Phenotypic analyses of previous C. elegans MA experiments suggest that the decline in fitness in N = 1 lines results primarily from a few mutations with large effects [44, 62,63,64,65]. Similar results have been obtained in experimental evolution studies in D. melanogaster [66] and bacteria [67, 68]. In our study, purifying selection at larger population sizes (N.10 and N.100) would eliminate such large-effect mutations and indeed, our N.10 and N.100 lines exhibited no evidence of fitness reduction over the course of successive bottlenecking for 409 generations [44, 62]. Analysis of gene expression data from MA experiments from C. elegans, D. melanogaster and S. cerevisiae concluded that large effect mutations are also responsible for changes in protein-coding gene expression [46]. However, our results for TE expression do not seem to fit with this model because overall TE expression, which is largely driven by Turmoil2 and non-LTR elements (see Fig. 1), increases gradually with time across the N.1 lines and is also increased, although less so, in the N.10 and N.100 lines. The expression of Tc1 is an exception to the overall trend as it is not affected in N.10 or N.100 lines but a small number of N.1 lines show markedly increased Tc1 expression. Thus, Tc1 reactivation may be dominated by a few mutations with large effect. This difference might be related to the different mechanism of silencing of Tc1 compared to Turmoil2 elements as discussed further below.

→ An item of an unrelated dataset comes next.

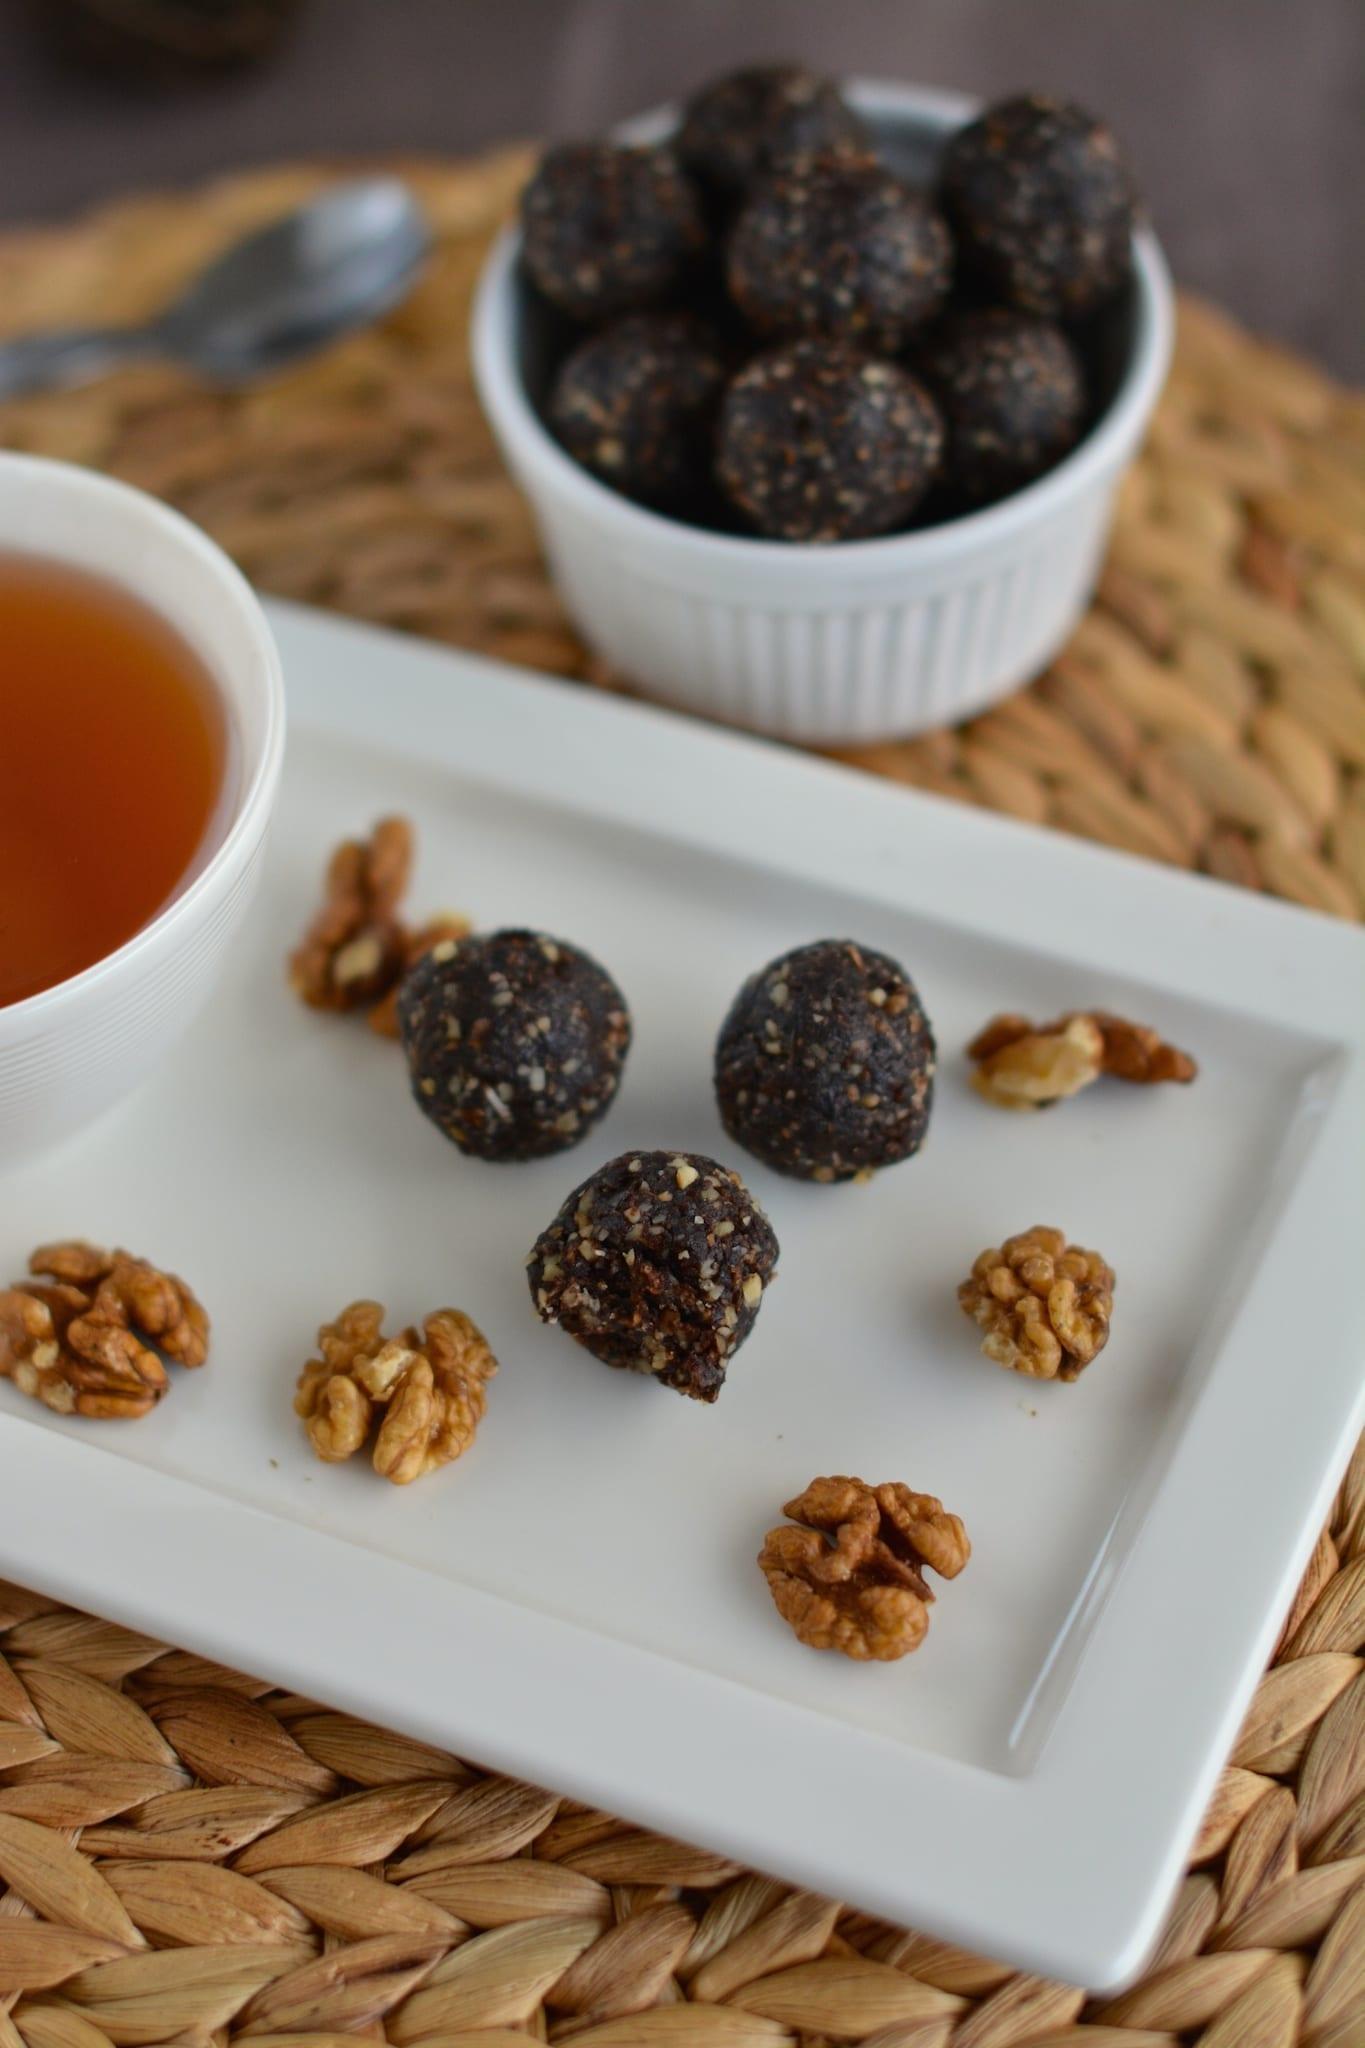 walnuts, dates, coconut, carob, candies
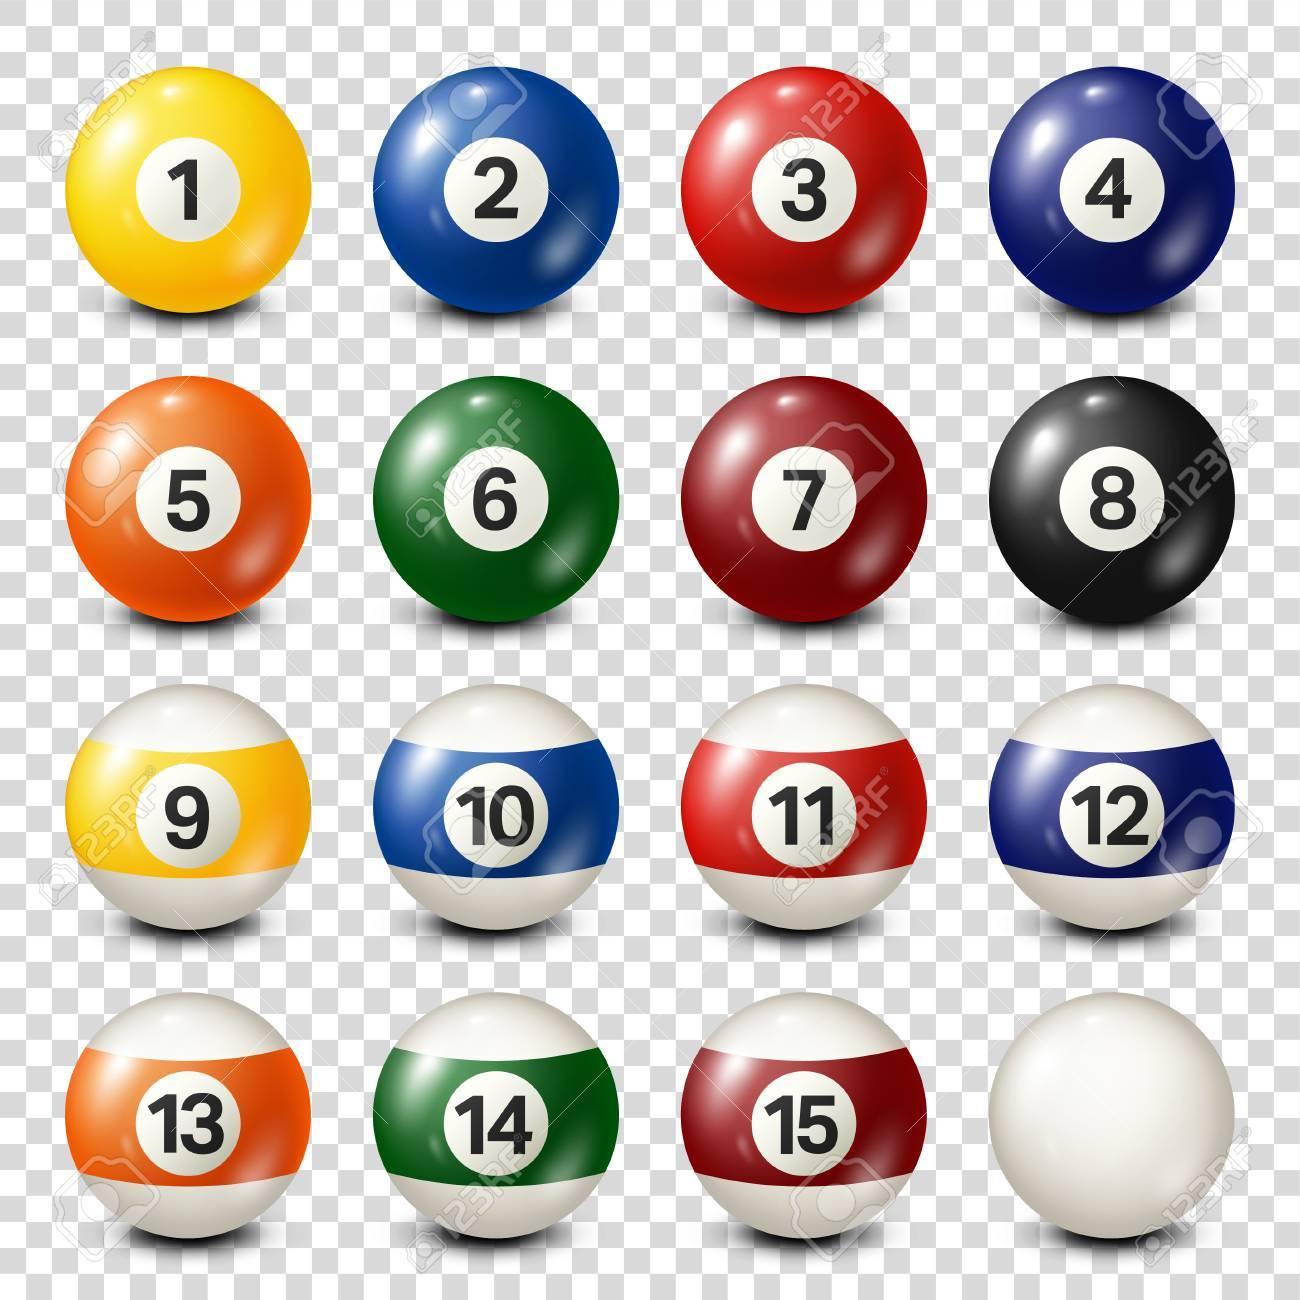 Billiard,pool balls collection. Snooker. Transparent background. Vector illustration. - 80446031

Weakened piRNA silencing is responsible for increased expression of TEs under relaxed selection

Our investigations of the molecular mechanisms behind reduced silencing of TEs in MA lines strongly suggest that defective piRNA silencing is a major culprit. Only piRNA-targeted TEs show significantly increased expression in MA lines, and, whilst piRNAs themselves do not seem to change significantly in MA lines, the levels of 22G-RNAs that act as effectors of piRNA silencing are perturbed at the Turmoil2 TEs that show increased expression. Why is piRNA silencing so vulnerable to mutation accumulation? TE silencing and activation in organisms are likely in a precarious equilibrium due to a constant evolutionary arms race between TEs and their host genome. As a result, many mutations could converge on the piRNA pathway to throw TE silencing out of balance.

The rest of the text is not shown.